Columnist, Scotland on Sunday

Filed 30 Jun 06
©Magnus Linklater

This article, which was originally published in the Spectrum Magazine of
Scotland on Sunday on 25th June 2006, is reproduced on Land-Care
with the kind permission of the author and the newspaper

TEN years ago, a new strain of human brain disease was identified, and it sparked one of the great medical scares of modern times. New variant Creuzfeldt Jakob Disease was not only a degenerative and incurable infection of the brain, it was linked to the outbreak, a decade earlier, of a similar disease in cattle - BSE. In 1996, after months of foot-dragging, John Major's government was finally forced to announce that vCJD could be caused by eating contaminated meat.

The statement led to the virtual collapse of the British beef industry, an export ban, a cost of some £3.5 billion and - since thousands of people in Britain had been exposed to the risk by eating infected beef - the possibility of a serious pandemic. Newspaper headlines spoke of hundreds of thousands of deaths from this deadly disease. Even scientists analysing likely models for the outbreak admitted that up to 80,000 people could die.

Last week I visited the website of the National CJD Surveillance Unit to check the latest figures. It showed that last year precisely three people died from vCJD. The total number of deaths since 1995 is 156, and the yearly figure has been in steady decline since 2000 - when 28 people died.

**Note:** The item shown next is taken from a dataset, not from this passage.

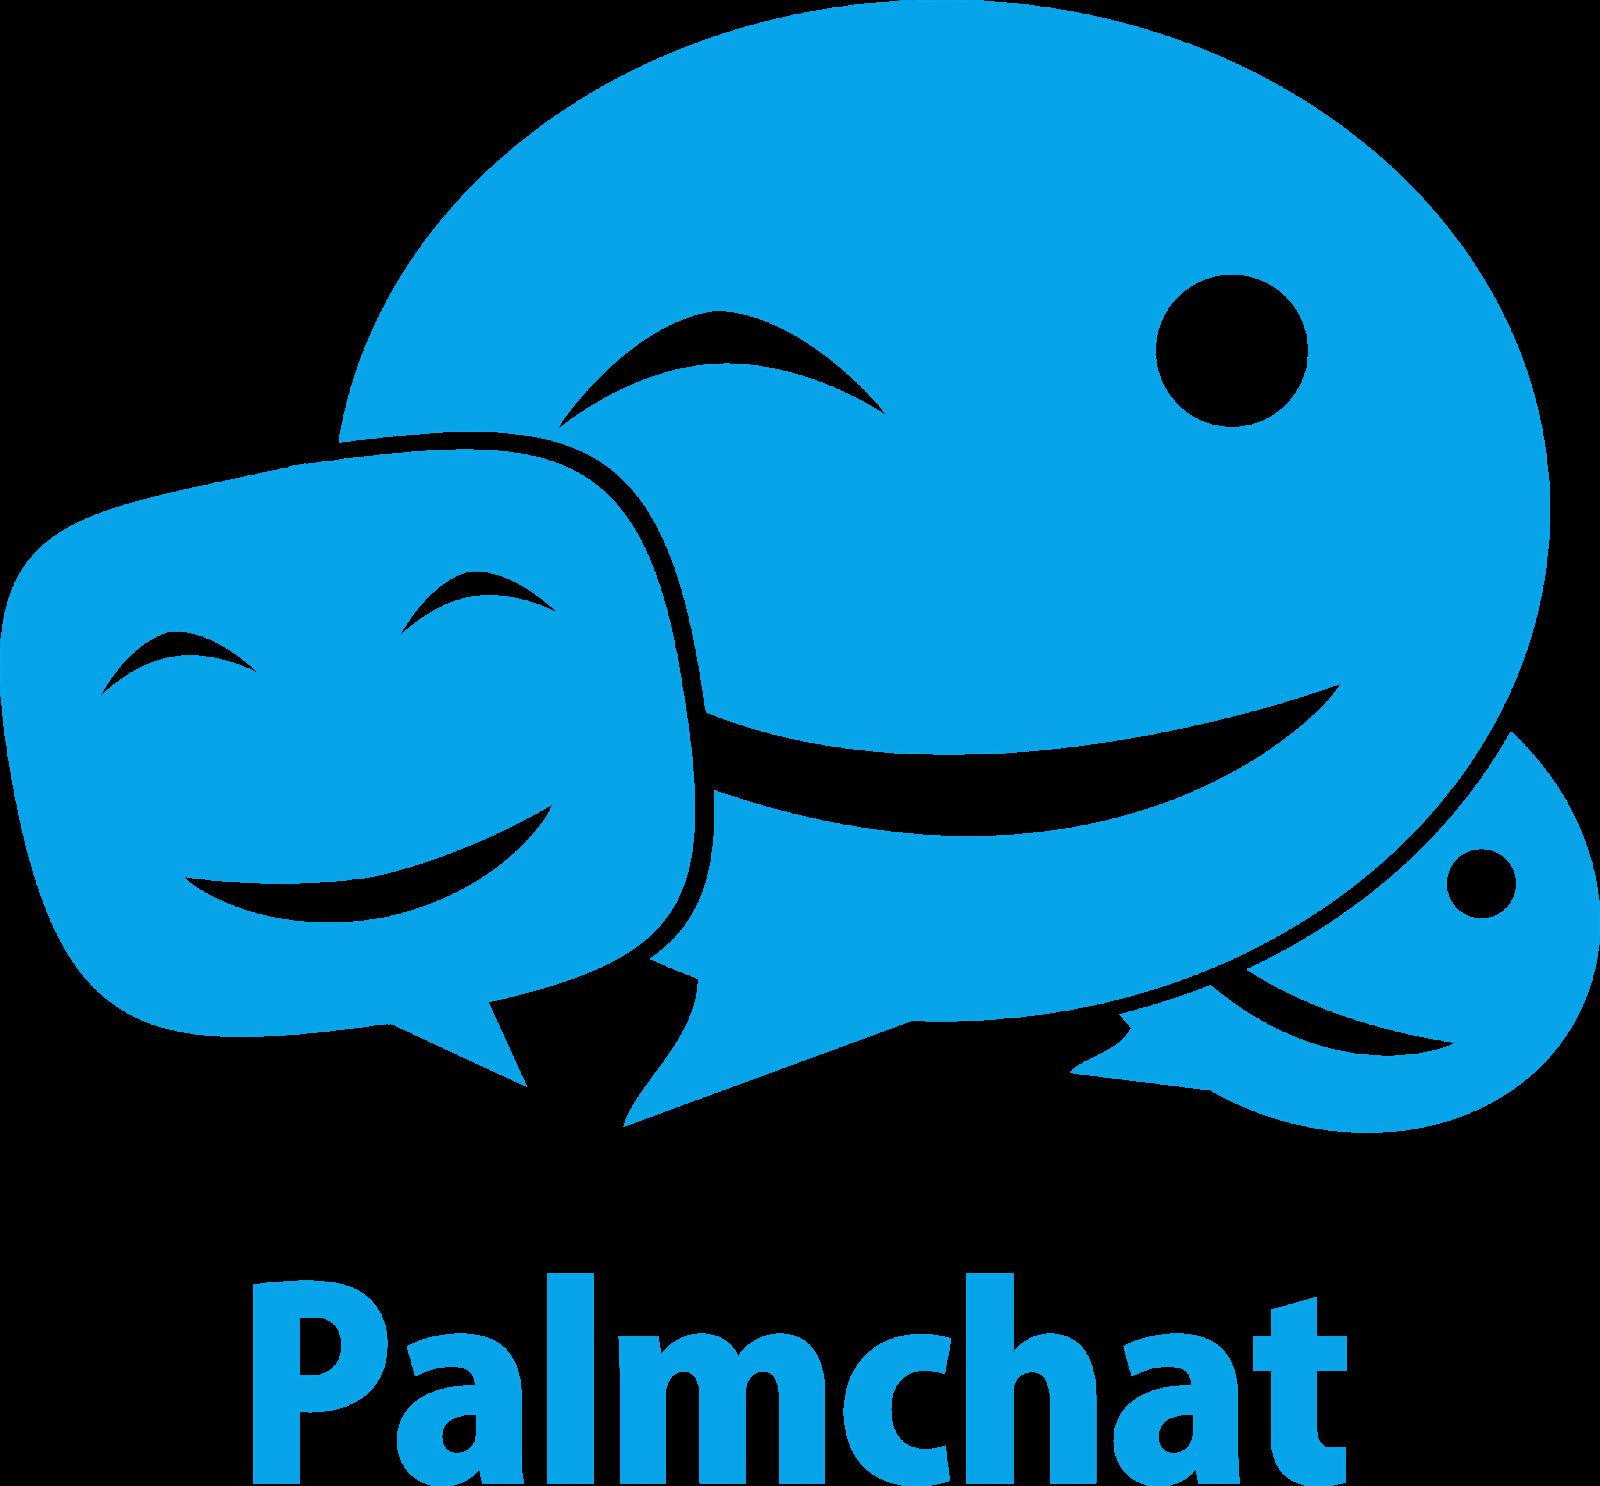 Palmchat dating advice

Whatever happened to the great epidemic?

The headquarters of the surveillance unit is an anonymous office block at Edinburgh's Western General Hospital and is run by Dr Richard Knight, a 55-year-old clinical neurologist. His job is to monitor the progress of the disease, to plot how or whether it is changing and to inform scientists, and ultimately the public, if we are at risk. He is not only responsible for the UK's state of knowledge on the various strains of CJD, he also co-ordinates research across Europe.

Why are the figures falling? With refreshing candour, he admits, "We do not know." But the more he describes the complexities of the disease, the accepted scientific definition of its nature and the dominant theory that links it to cattle, the more I begin to question whether we might not have got the whole thing badly wrong, and to wonder whether there really is any connection between the cattle and the human disease. Could this have been the scare that never was?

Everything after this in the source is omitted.